The statute of limitations for theft in Germany is 30 years and expired long ago. The authorities are investigating Gurlitt for tax violations. He has been selling paintings periodically over the years to sustain himself and to pay for costly medical bills. That is how his cache was discovered. When authorities found thousands of Euros on Gurlitt aboard a train from Switzerland, they couldn't find government records of him in Germany. The incident began an investigation by the German authorities that led to a raid on his apartment where the entire collection was confiscated.

By German law Gurlitt owns the works. Safer raises the question of morality with Ingrid Bergreen-Merkel, who heads the task force trying to find evidence of looting for each work. "Eighty years after Hitler took over, 75 years after the synagogues burned...yes we know the moral obligation and we take it seriously," she says. "On the other side there are the laws."

Tido Park, Gurlitt's lawyer, says the government has a weak case but that his client is willing to cooperate and is looking to first return a Matisse the Nazis looted from Parisian art dealer Paul Rosenberg in 1941. "Mr. Gurlitt is absolutely willing to find fair solutions, but what we need of course is clear evidence," he tells Safer. "Because we have some letters addressed to Mr. Gurlitt saying, 'Oh, look, my grandma had a specific painting 70 years ago in her living room.' No evidence, nothing."

Such posturing frustrates people like Martha Hinrichsen. She had given up hope of finding her grandfather's works confiscated by the Nazis until documents in Gurlitt's apartment mention the "sale" of works once owned by the grandfather. The sale was really theft by other means, reports Safer, because Hinrichsen's grandfather never received the money. He died in the gas chamber at Auschwitz. "Legally, it was a sale," she says, "morally and ethically is another question."

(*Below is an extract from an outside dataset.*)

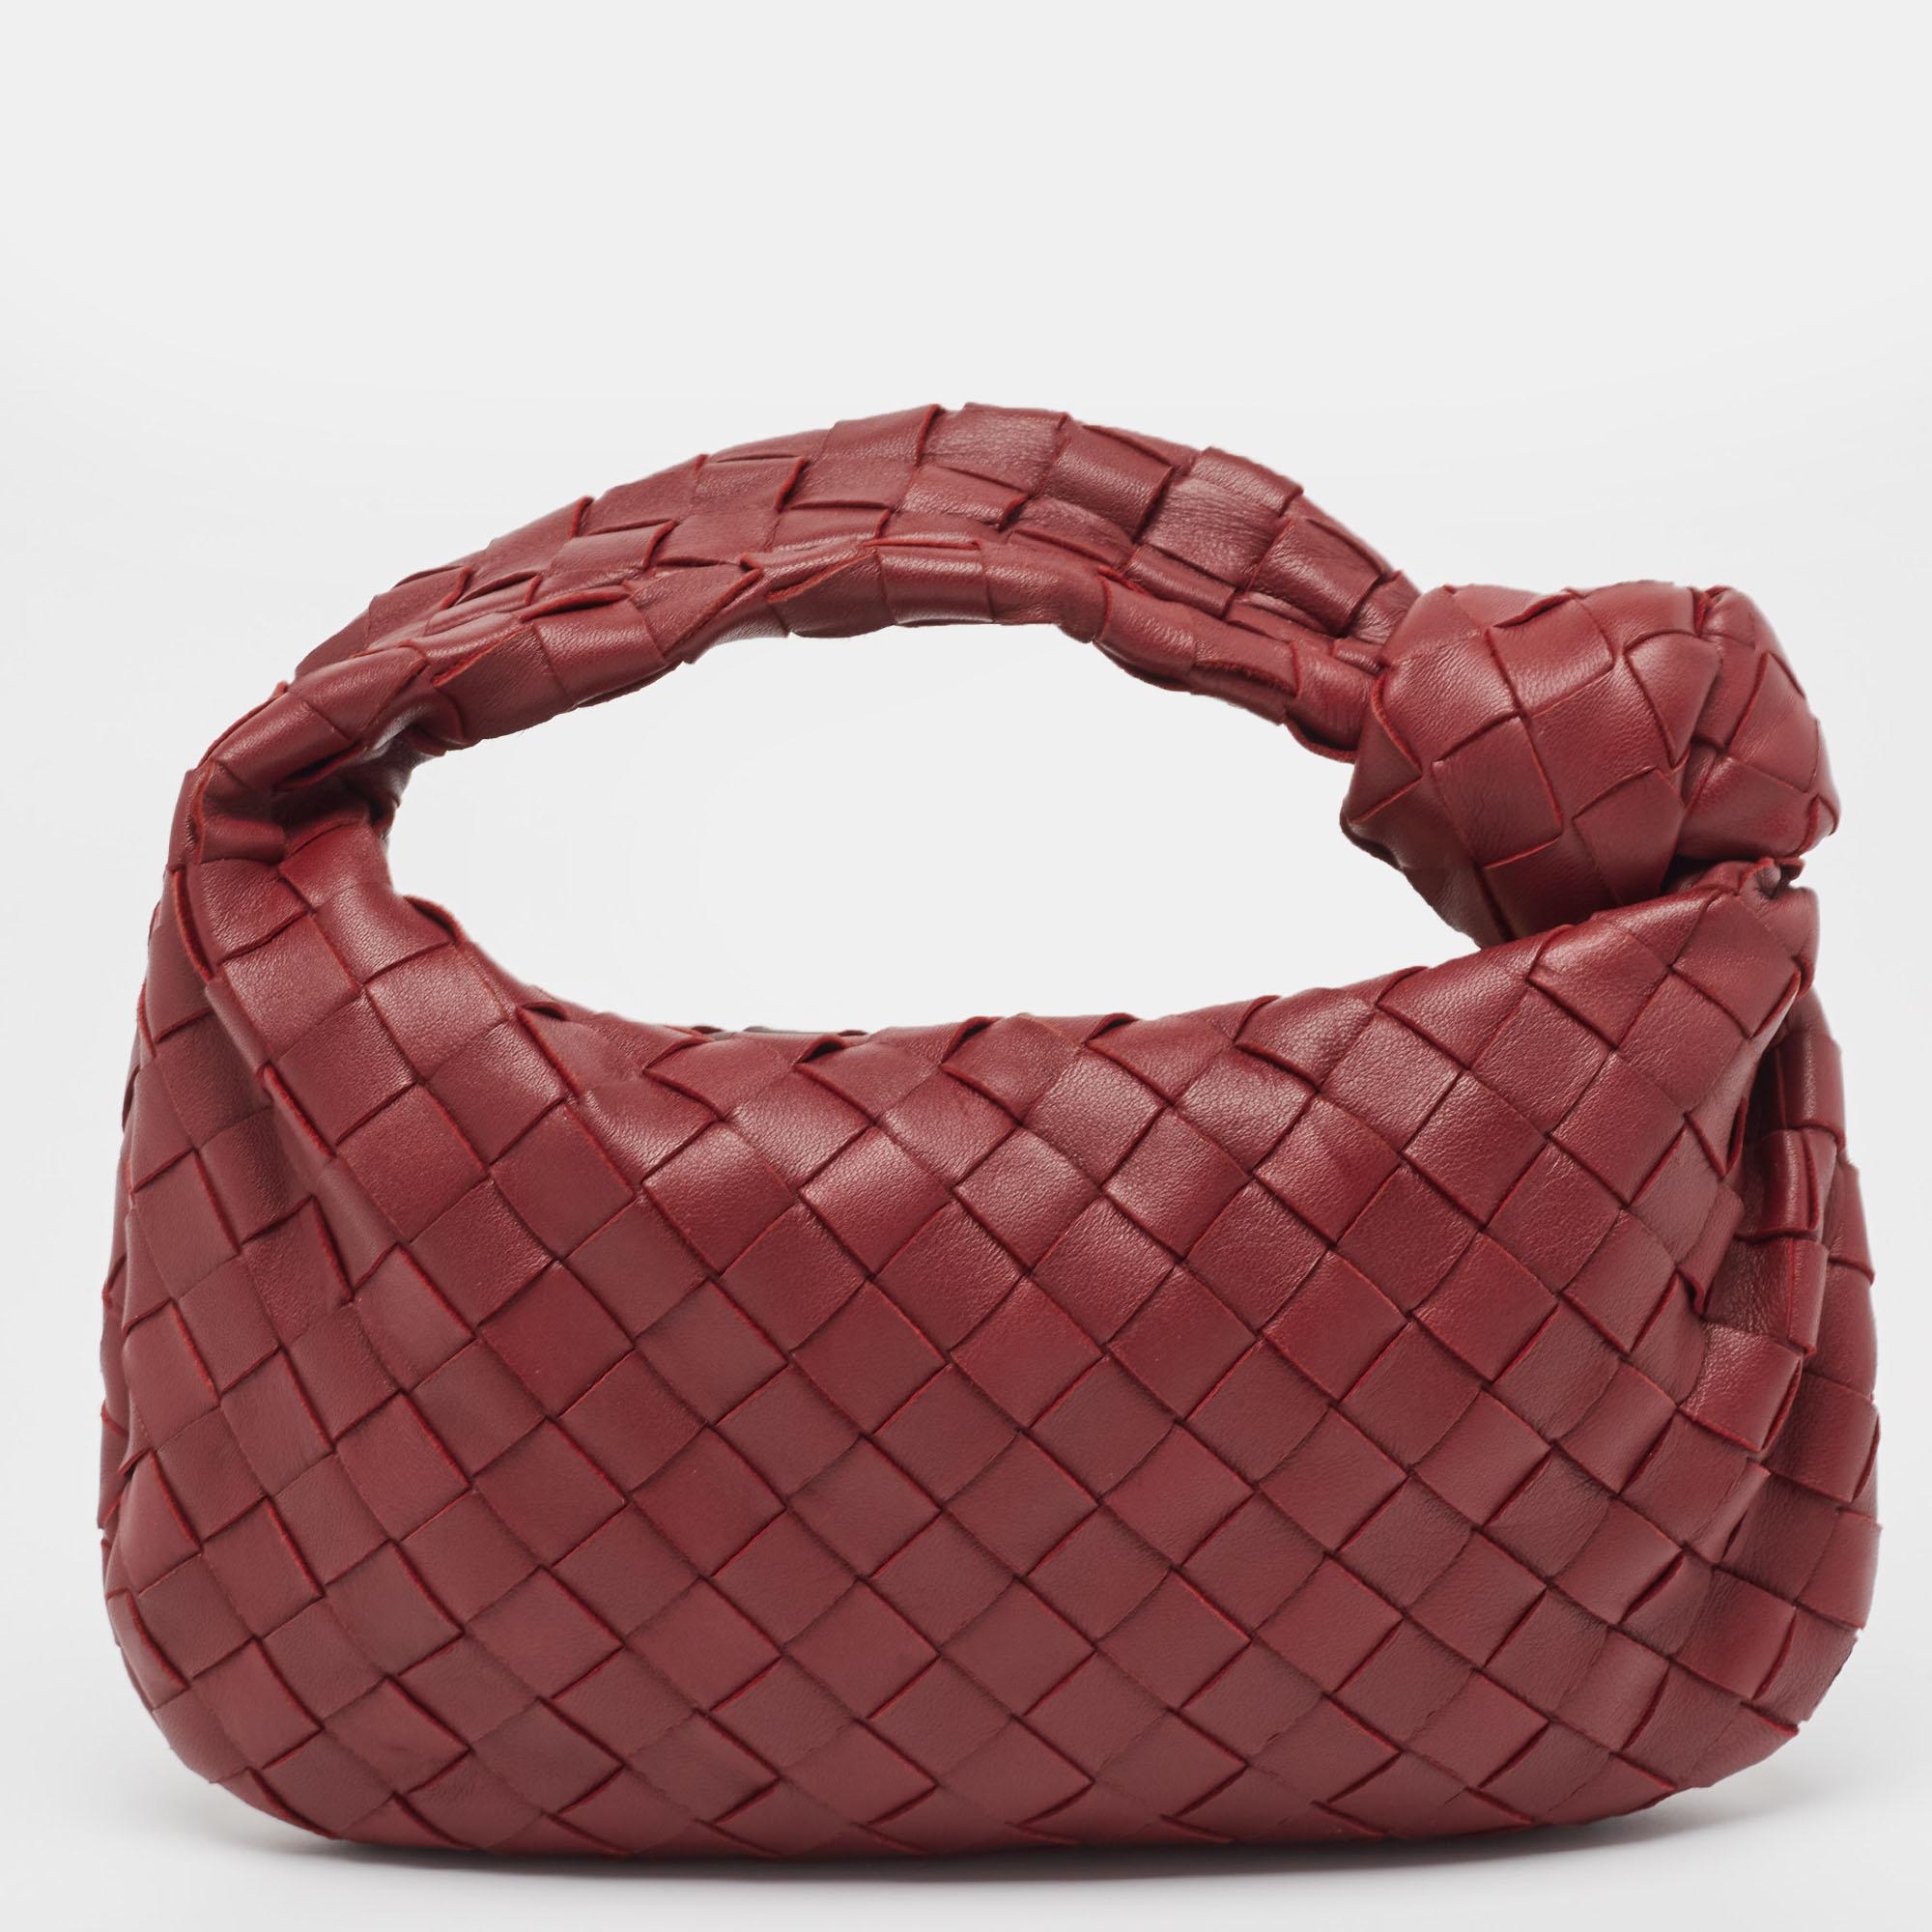 Le sac JODI de Bottega Veneta est réalisé en cuir selon la technique de tissage Intrecciato signature de la marque, pour une silhouette sans couture. Ce mini sac, qui incarne l'élégance et le charme subtil, est retenu par une anse nouée. Le sac est

In the apartment, the task force found a drawing she says her grandfather owned that she has filed a claim for. She doesn't think she will be seeing the drawing anytime soon. "I don't believe in my lifetime, because I think this is going to be a long, long battle." One thing that could further complicate restitution is the fact that Gurritt is 81 and has just been treated for a serious heart condition. He recently drew up a will in the hospital but his lawyers say they don't know what's in it.